=== PROVIDED RECORDS ===
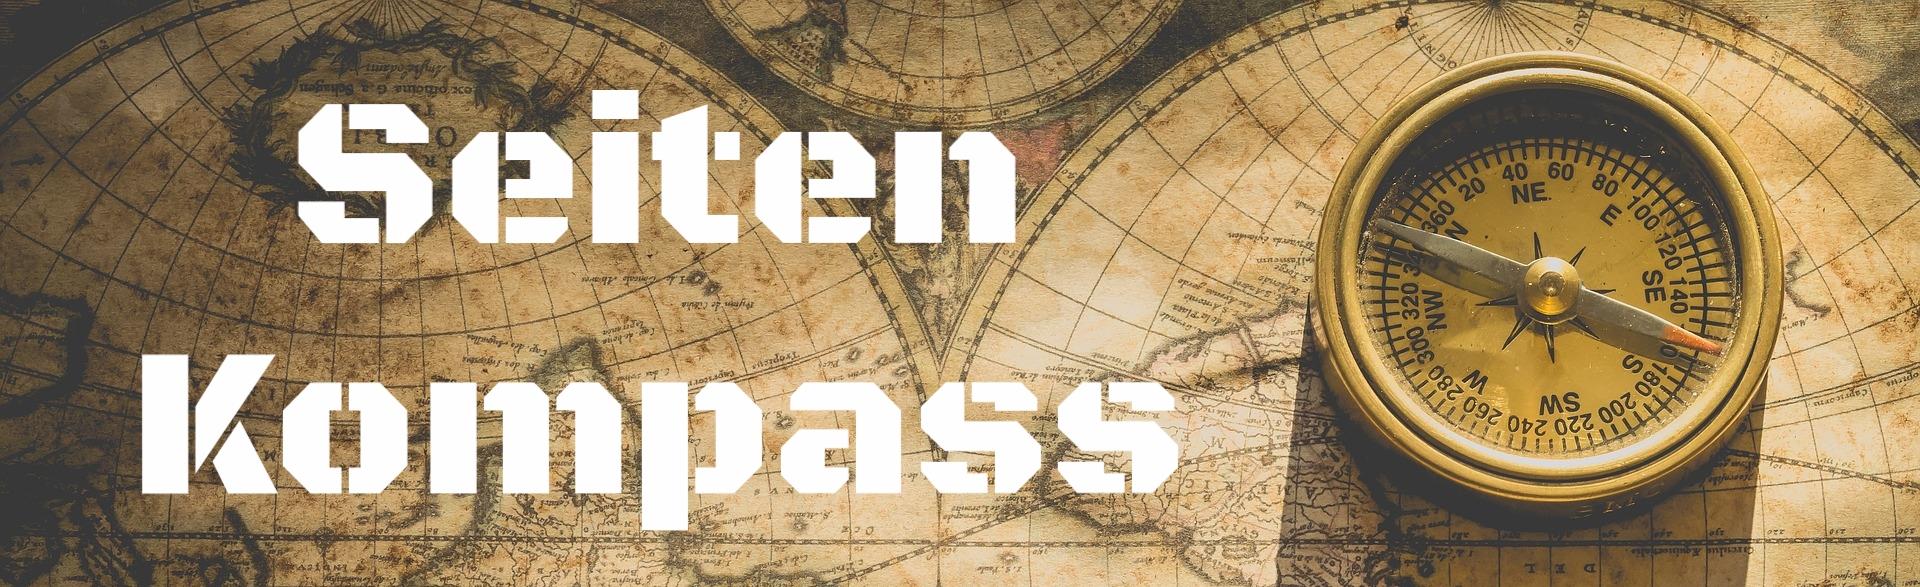 Montreal Reisetipps Seiten Kompass
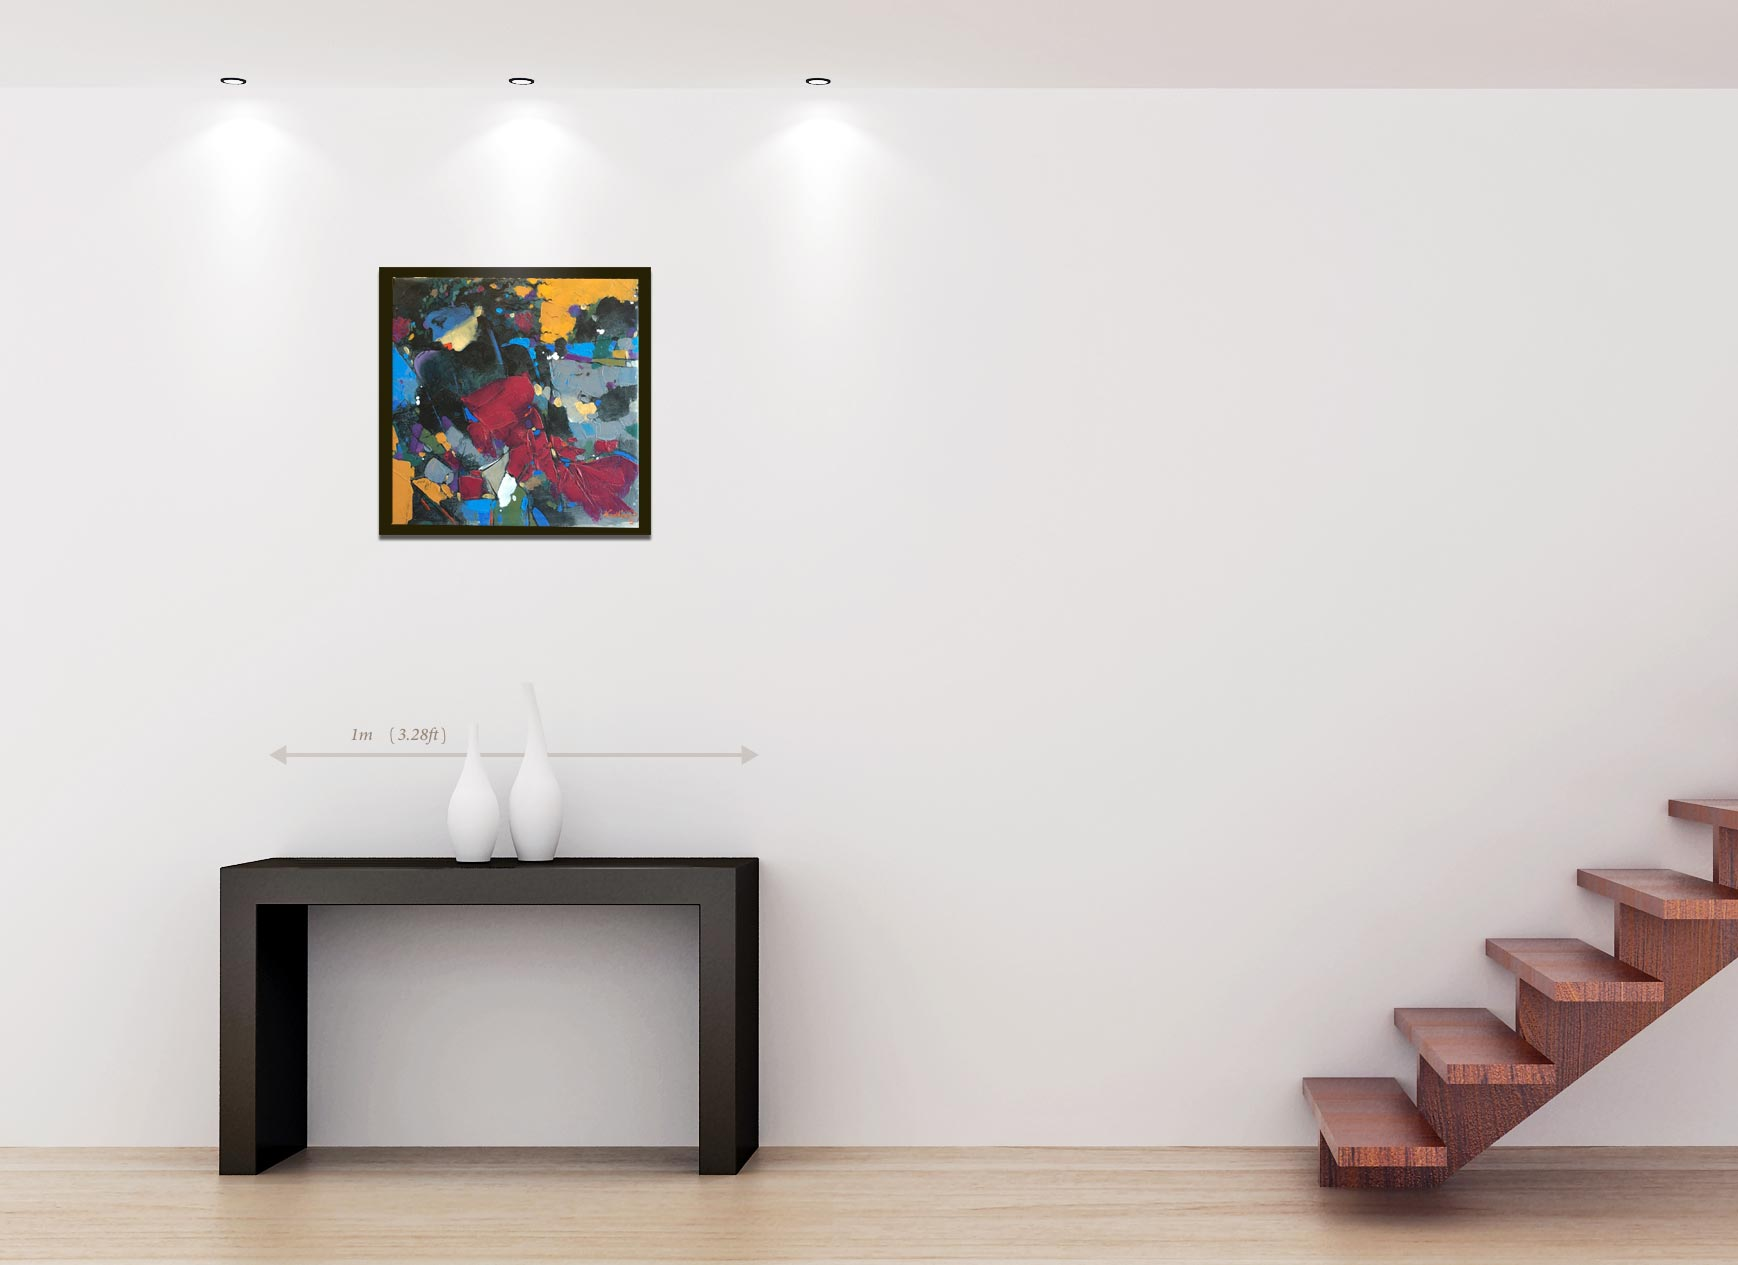 Modern painting رسم تشكيلي حديث
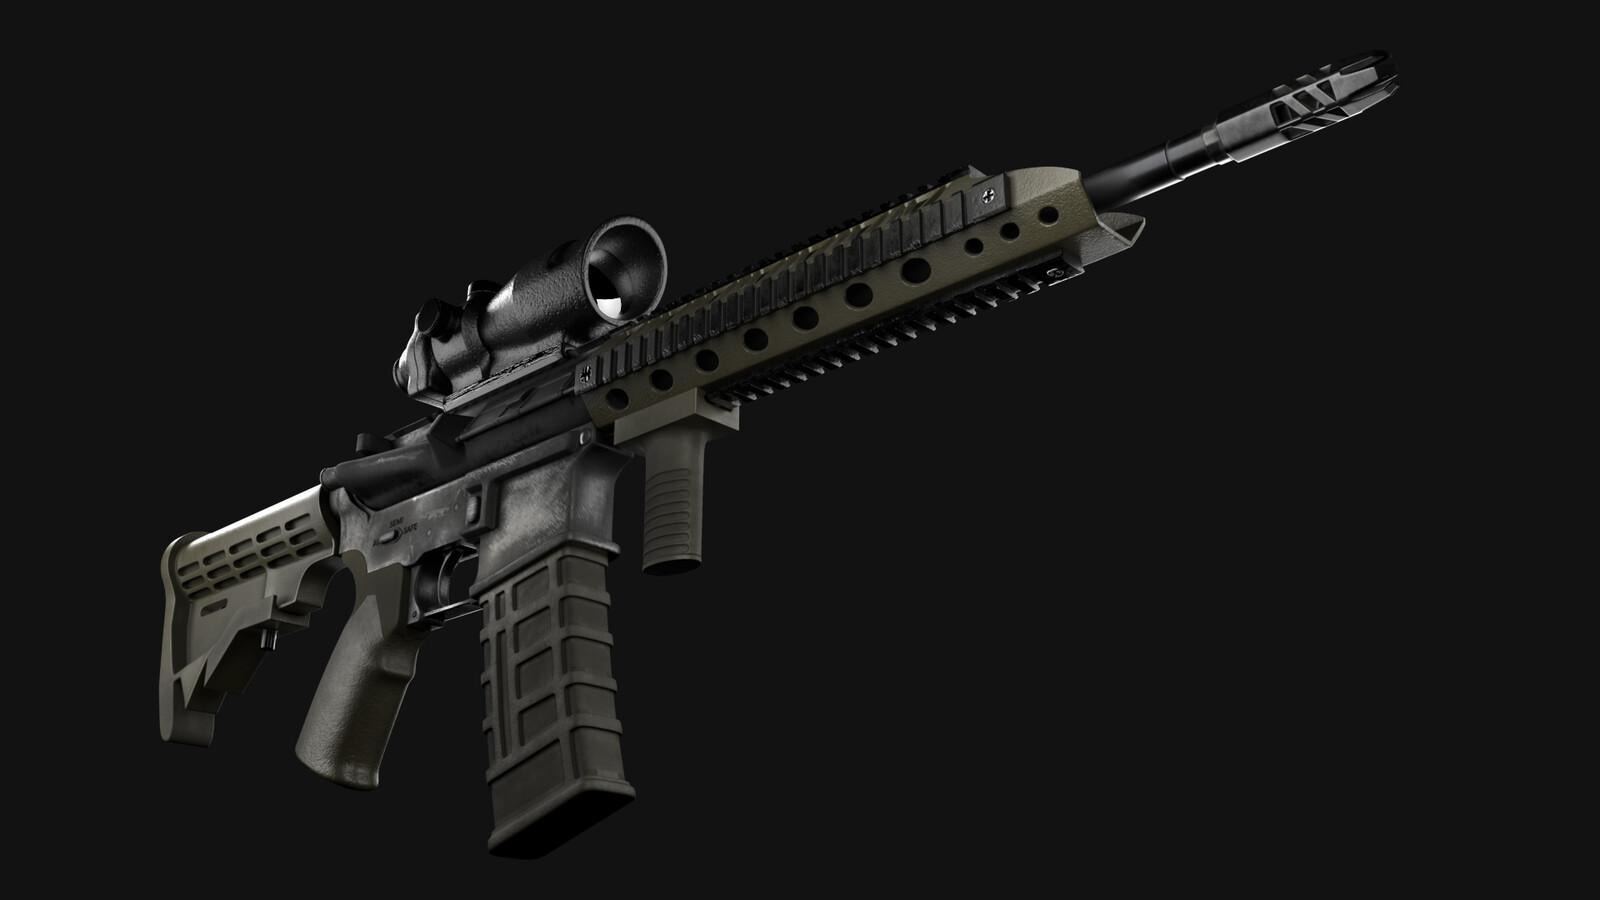 M4A1 Carbine Rifle
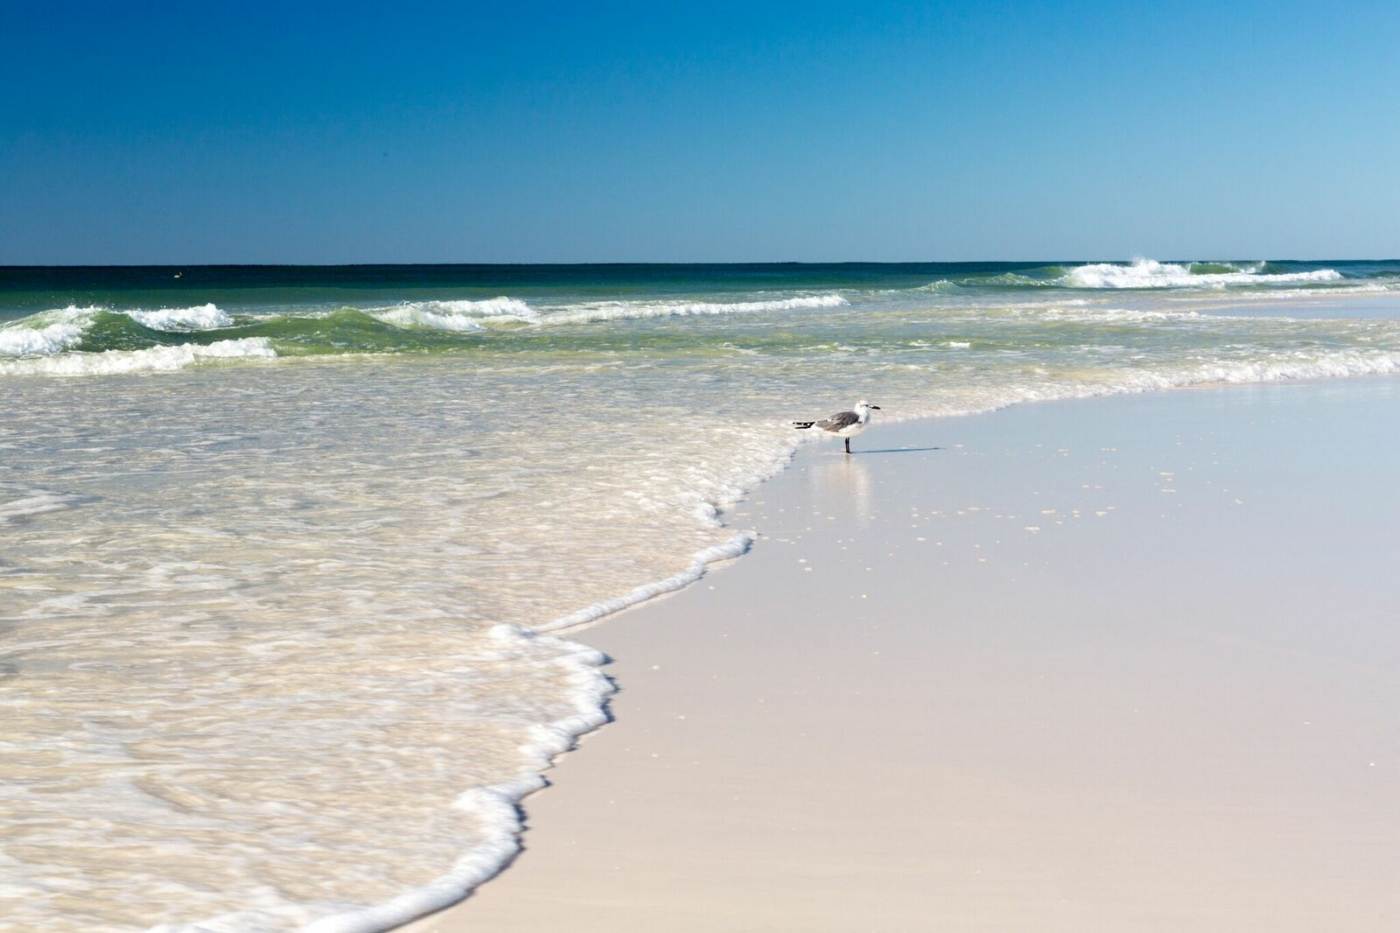 Image of shoreline of South Walton beach.
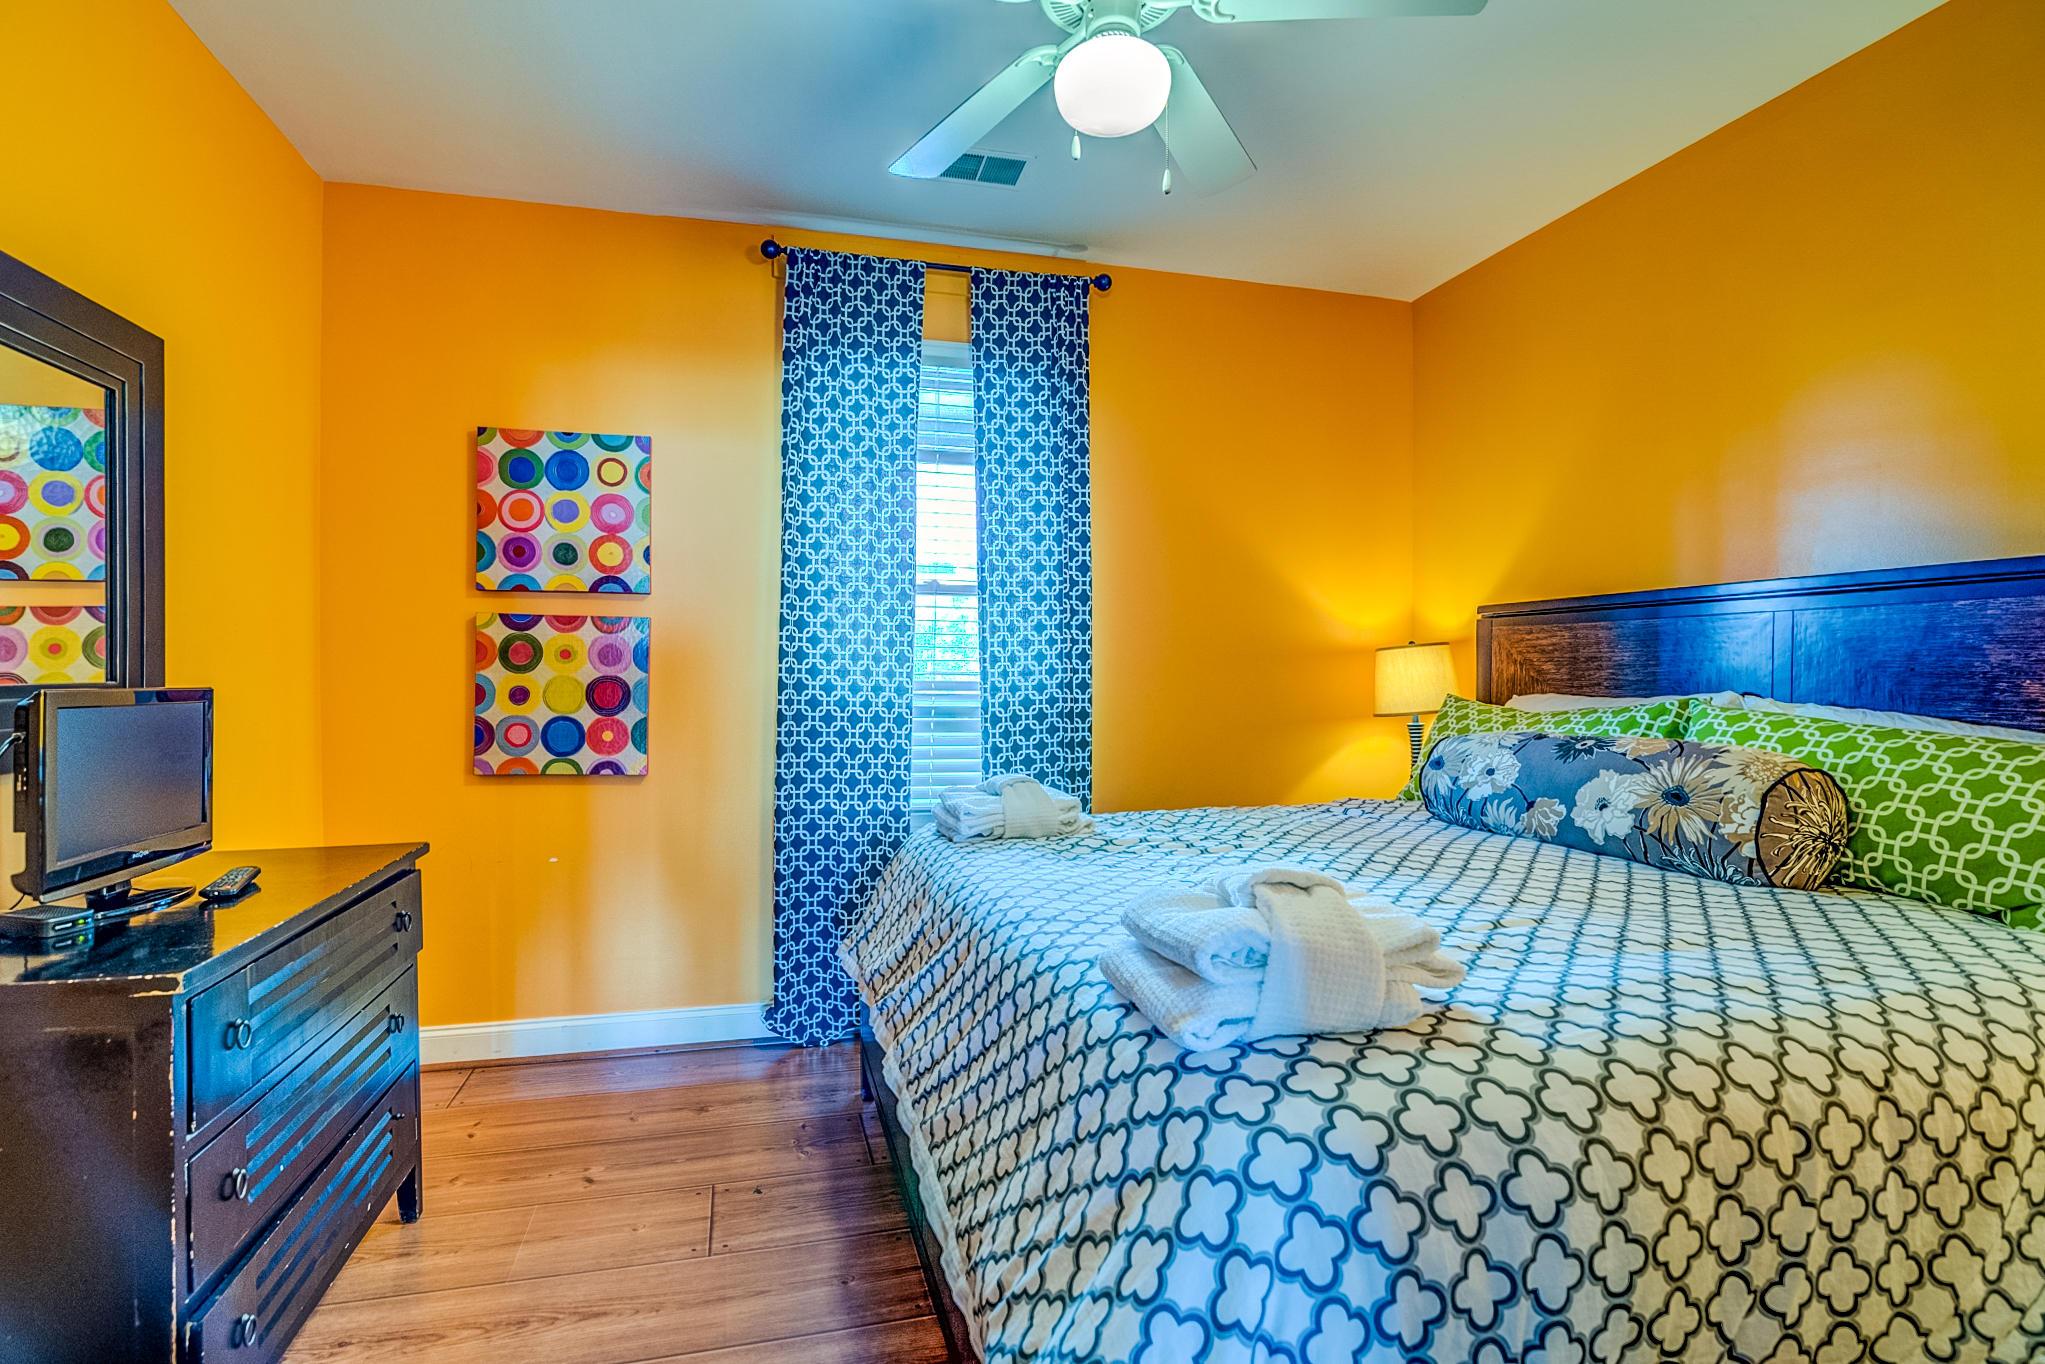 Ocean Pointe Villas Homes For Sale - 214 Arctic, Folly Beach, SC - 2
===
**TASK STATEMENT:** Set down all of the material word for word, minus its pictures.

**EXERCISE RESULT:**
 Montreal Reisetipps Seiten Kompass
 Modern painting رسم تشكيلي حديث
 M4A1 Carbine Rifle
 Image of shoreline of South Walton beach.
 Ocean Pointe Villas Homes For Sale - 214 Arctic, Folly Beach, SC - 2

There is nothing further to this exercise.